Polish government figures have denied suggestions by a former head of the Central Anticorruption Bureau (CBA) that officers were ordered to surveil opposition figures ahead of this month’s parliamentary elections.

The claims were made over the weekend by Paweł Wojtunik, who led the CBA from 2009 to 2015. He was appointed under the former government and lost his position under the current (but likely outgoing) administration. In 2019, he stood as an election candidate for the opposition.

Speaking to broadcaster TVN on Saturday, Wojtunik directed a number of questions towards Mariusz Kamiński, the interior minister and coordinator of the security services.

In particular, he asked whether it was true that, two days before the 15 October elections, during a CBA briefing instructions were issued regarding “mass” surveillance of “representatives of opposition groups”.

Speaking later to another media outlet, Radio Zet, Wojtunik said he had asked the questions “based on information obtained from several sources”.

He said he was “unable to assess the credibility” of the claims himself but that they must be “clarified, denied or confirmed as soon as possible”.

Asked if he thought that such surveillance would be intended to help cause divisions between opposition groups – who want to form a new government together after the elections – Wojtunik said that that is the “most likely” explanation and he “can’t imagine any other purpose”.

An unnamed source speaking to Gazeta Wyborcza, a leading liberal daily, said that “the idea was to obtain compromising materials intended to disrupt coalition talks or even make them impossible”. The surveillance was supposedly intended to target in particular the centre-right Third Way (Trzecia Droga) group.

Michał Szczerba, an MP from the centrist Civic Coalition (KO), the largest opposition group, told TVN that he believes the aim was to help the ruling national-conservative Law and Justice (PiS) “fish among new MPs” to find some who could be tempted to defect and help PiS gain a parliamentary majority.

On Friday, PiS chairman Jarosław Kaczyński claimed during a speech that Third Way had arisen with Russian backing and that Civic Platform (PO), the main force in KO, was created to pursue German interests. Kaczyński suggested that these facts should be “a subject of interest for the security services”.

On Sunday, Gazeta Wyborcza published a copy of what it says was a “warning message” sent by an officer in the security services to an opposition politician. Both the sender and recipient have not been named.

The message advised the recipient to ensure that all “important meetings be held without telephones”, which should be left in “a box by the entrance”. It also suggested there was a plan for the security services to “make conservations available to the media”.

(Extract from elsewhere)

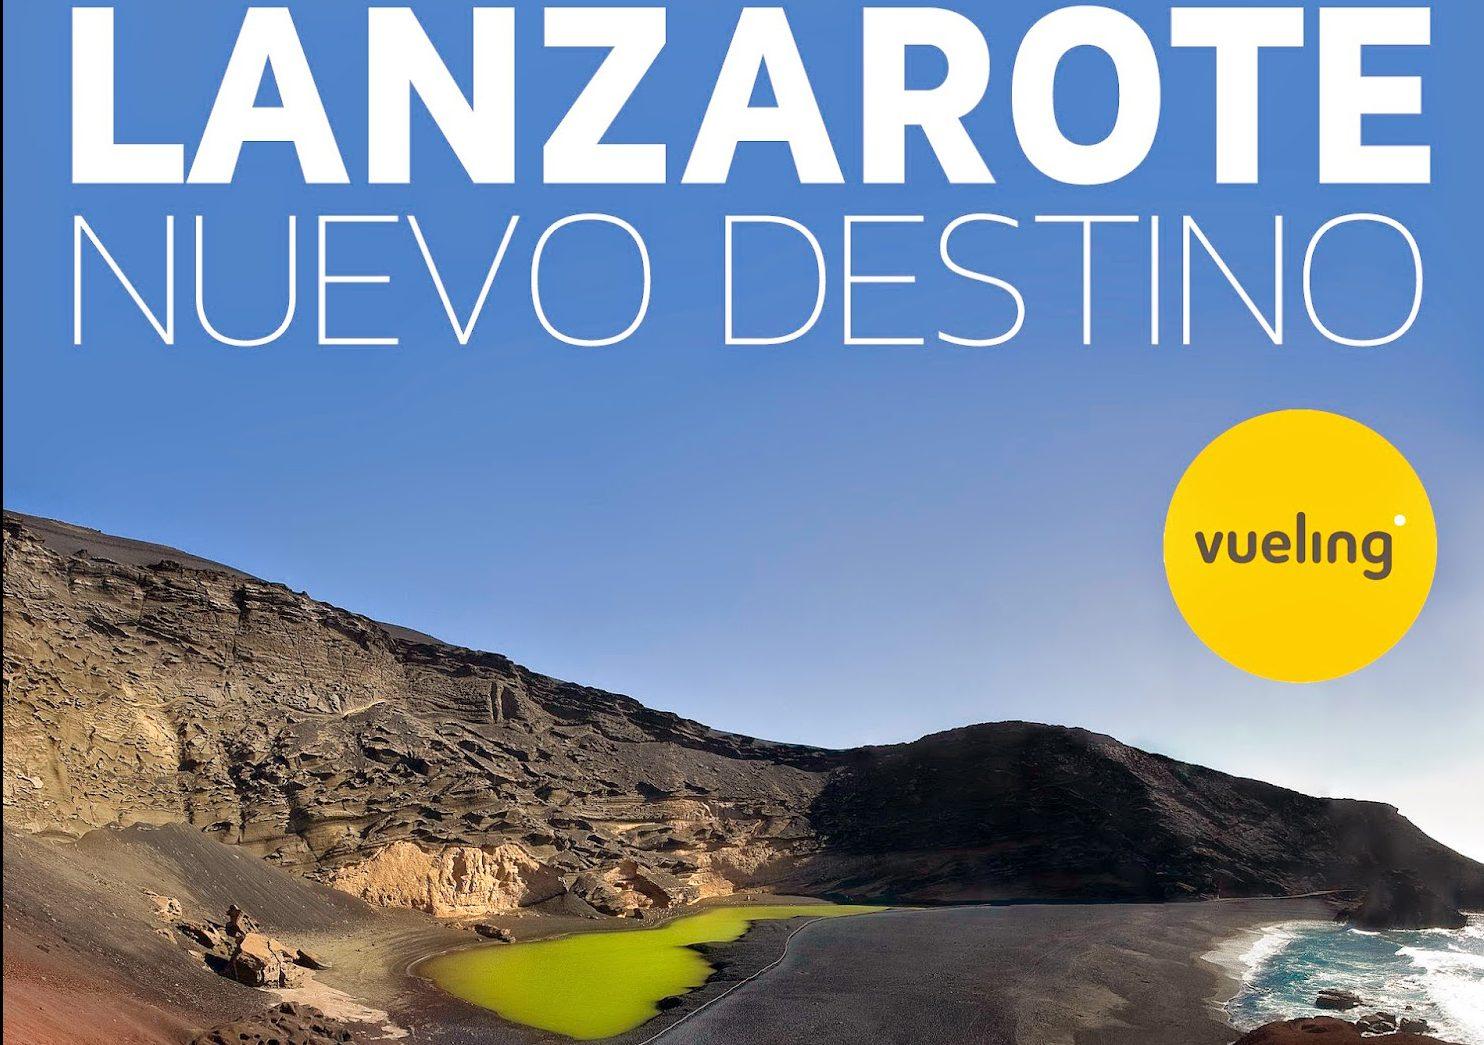 Turismo Lanzarote y Vueling anuncian la apertura de una nueva ruta con Mallorca  a partir del 19 de junio

The allegations of surveillance have been met with anger from opposition MPs. Piotr Zgorzelski, a deputy speaker of parliament and member of the Third Way, has pledged to establish a parliamentary commission to investigate the claims.

However, government figures have denied the allegations. Wojtunik has not “provided a shred of evidence” to support his claims, noted Marcin Horała, a deputy minister. “Wojtunik lies like [Donald] Tusk,” tweeted Maciej Wąsik, a deputy interior minister, referring to the leader of PO.

“It’s not true,” said Stanisław Żaryn, deputy minister for Poland’s security services and their main spokesman, quoted by the Polish Press Agency (PAP). “The security services operate within the limits of the law…Wojtunik is spreading lies about the alleged surveillance of the opposition during the elections.”

Kamiński, the interior minister and coordinator of the security services, was in 2015 found guilty of abusing his powers when he served as head of the CBA from 2006-2009. He maintained his innocence and was set to appeal, but before that happened Kamiński received a presidential pardon.

Earlier this year, a European Parliament enquiry found that Poland has used Israeli-made Pegasus spyware as part of “a system for the surveillance of the opposition and critics of the government – designed to keep the ruling majority and the government in power”.